ACE plugs into the [OpenAI Agents SDK](https://openai.github.io/openai-agents-python/)
as a **self-improving memory**. The playbook is injected into your agent's
instructions on every run; after each task you hand back feedback (a label *or*
just natural execution signal) and ACE grows the playbook.

```bash
pip install "ace-playbook[all]"     # adds openai + openai-agents (SDK needs Python 3.10+)
export OPENAI_API_KEY=sk-...
```

One call wraps your agent so it learns — `wrap_agent` builds the ACE engine,
loads a saved playbook if present, and persists what it learns:

```python
from agents import Agent
from ace import wrap_agent                # one top-level import

agent = wrap_agent(
    Agent(name="Support", instructions="You are a concise support agent."),
    model="gpt-4o-mini",
    playbook="support_memory.json",       # load if it exists; save target for .save()
)

# Run + learn from execution feedback — no ground-truth labels needed:
out = agent.run_and_learn(
    "Cancel order #C99",
    signal="Policy: cancellation requires identity verification first.",
)
print(out.output)
print(agent.playbook.render())            # the agent just wrote itself a rule
agent.save()                              # learned memory survives a restart
```

You don't have to think about the internals — but they're all there:

- **Auto-learn from tool errors** — a `RunHooks` listener records each run; if a
  tool fails and you pass no explicit feedback, that error becomes the signal.
- **Rich trajectories** — tool calls/outputs/messages are captured via the SDK's
  typed run-items, so the Reflector learns from *what actually happened*.
- **Tracing** — the learning step is emitted as an `ace.learn` span next to the
  agent run in the OpenAI trace UI.
- **Async** — inside an event loop (FastAPI, notebooks), use the same-semantics
  async entry points: `await agent.arun_and_learn("Cancel #C99", signal="...")`.
- **Streaming** — `await agent.arun_streamed_and_learn(query, on_event=...)`,
  or `agent.stream(query)` for full control over `stream_events()`.
- **Sessions are orthogonal** — ACE memory is *cross-task learned strategy*;
  the SDK's `session=` is *within-conversation history*. Pass a session straight
  through any run: `agent.run_and_learn(q, session=my_session, signal=...)`.

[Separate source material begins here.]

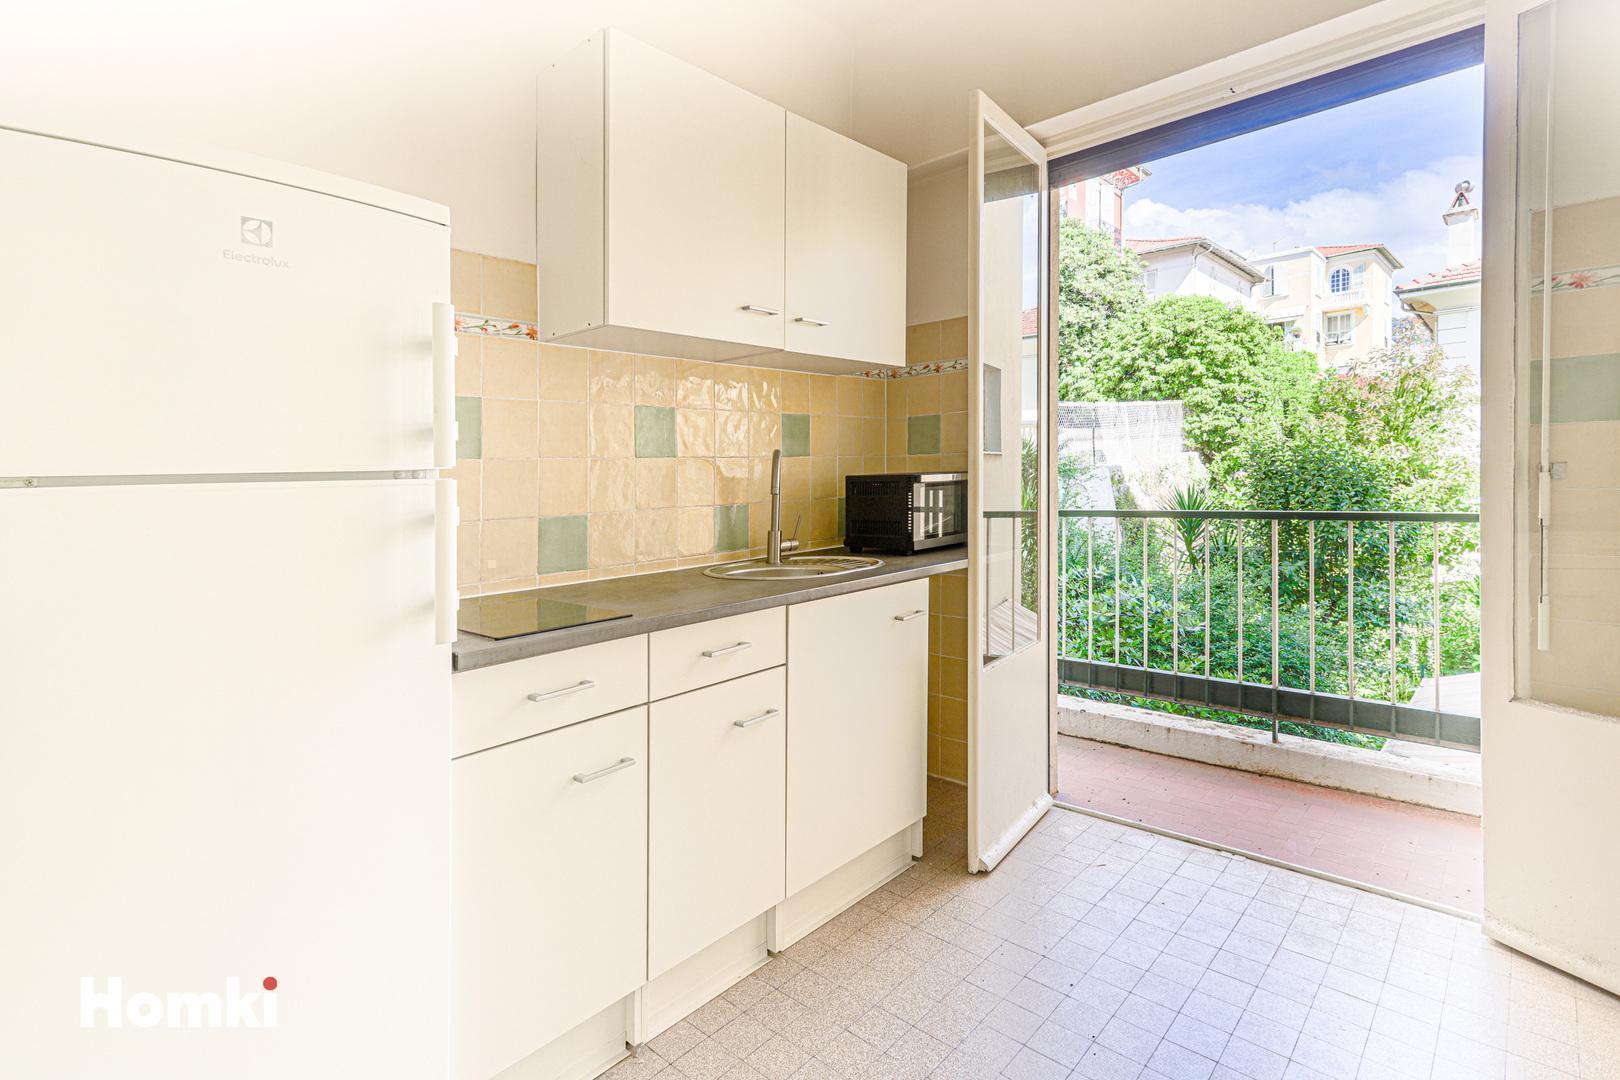 Homki - Vente Appartement  de 51.2 m² à Nice 06100

Need to share one engine across agents, use a non-OpenAI backend, or pass dynamic
(callable) base instructions? Drop down to `ACEAgent(base, ace=...)` directly —
`wrap_agent` is just the batteries-included wrapper around it. A runnable
end-to-end example lives in `examples/04_openai_agents.py`.

---

## 🧩 Use it on *your own* task

Two extension points make ACE general-purpose — bring your own `Task` and your
own feedback (no ground-truth labels required):

```python
from ace import ACE, Feedback, Sample, Task, OpenAILLM

my_task = Task(name="my-domain", samples=[Sample(id="1", question="...")],
               evaluate=lambda pred, s: my_score(pred, s))

def my_feedback(sample, generation) -> Feedback:
    # plug in execution signals, a reward fn, or an LLM judge — your call
    ok = run_my_checks(generation.answer)
    return Feedback(correct=ok, signal="tests passed" if ok else "tests FAILED")

ace = ACE(OpenAILLM(model="gpt-4o-mini"))
ace.adapt_online(my_task, feedback_fn=my_feedback)   # learns from YOUR signals
```

See `examples/05_custom_task.py` (runs offline). The Curator calls the LLM to
propose `ADD`/`UPDATE`/`REMOVE` edits by default (deterministic fallback never
drops a lesson); force deterministic curation with `ACEConfig(curator_use_llm=False)`.

---

## 🧠 How it works

```mermaid
flowchart LR
    Q([Query]) --> G[Generator]
    PB[(Context Playbook)] -. injected .-> G
    G -->|trajectory + bullet usage| R[Reflector]
    FB([Feedback: labels or execution signal]) --> R
    R -->|insights, iterative refinement| C[Curator]
    C -->|delta items| M{{Deterministic Merge - non-LLM}}
    M --> PB
    M --> GR[Grow & Refine: dedupe / prune]
    GR --> PB
    classDef role fill:#1e293b,color:#fff;
    classDef store fill:#2563eb,color:#fff;
    classDef det fill:#16a34a,color:#fff;
    class G,R,C role;
    class PB store;
    class M,GR det;
```

1. **Generator** solves the query using the current playbook, flagging which bullets helped or misled.
2. **Reflector** critiques the trajectory against feedback and distills concrete, reusable **insights** (optionally over several refinement rounds).
3. **Curator** turns insights into a few **delta operations** (`ADD` / `UPDATE` / `REMOVE`).
4. **Deterministic merge** applies those edits to the playbook — *no LLM, no rewrite, no collapse.*
5. **Grow-and-refine** de-duplicates (semantic or lexical) and prunes consistently harmful bullets.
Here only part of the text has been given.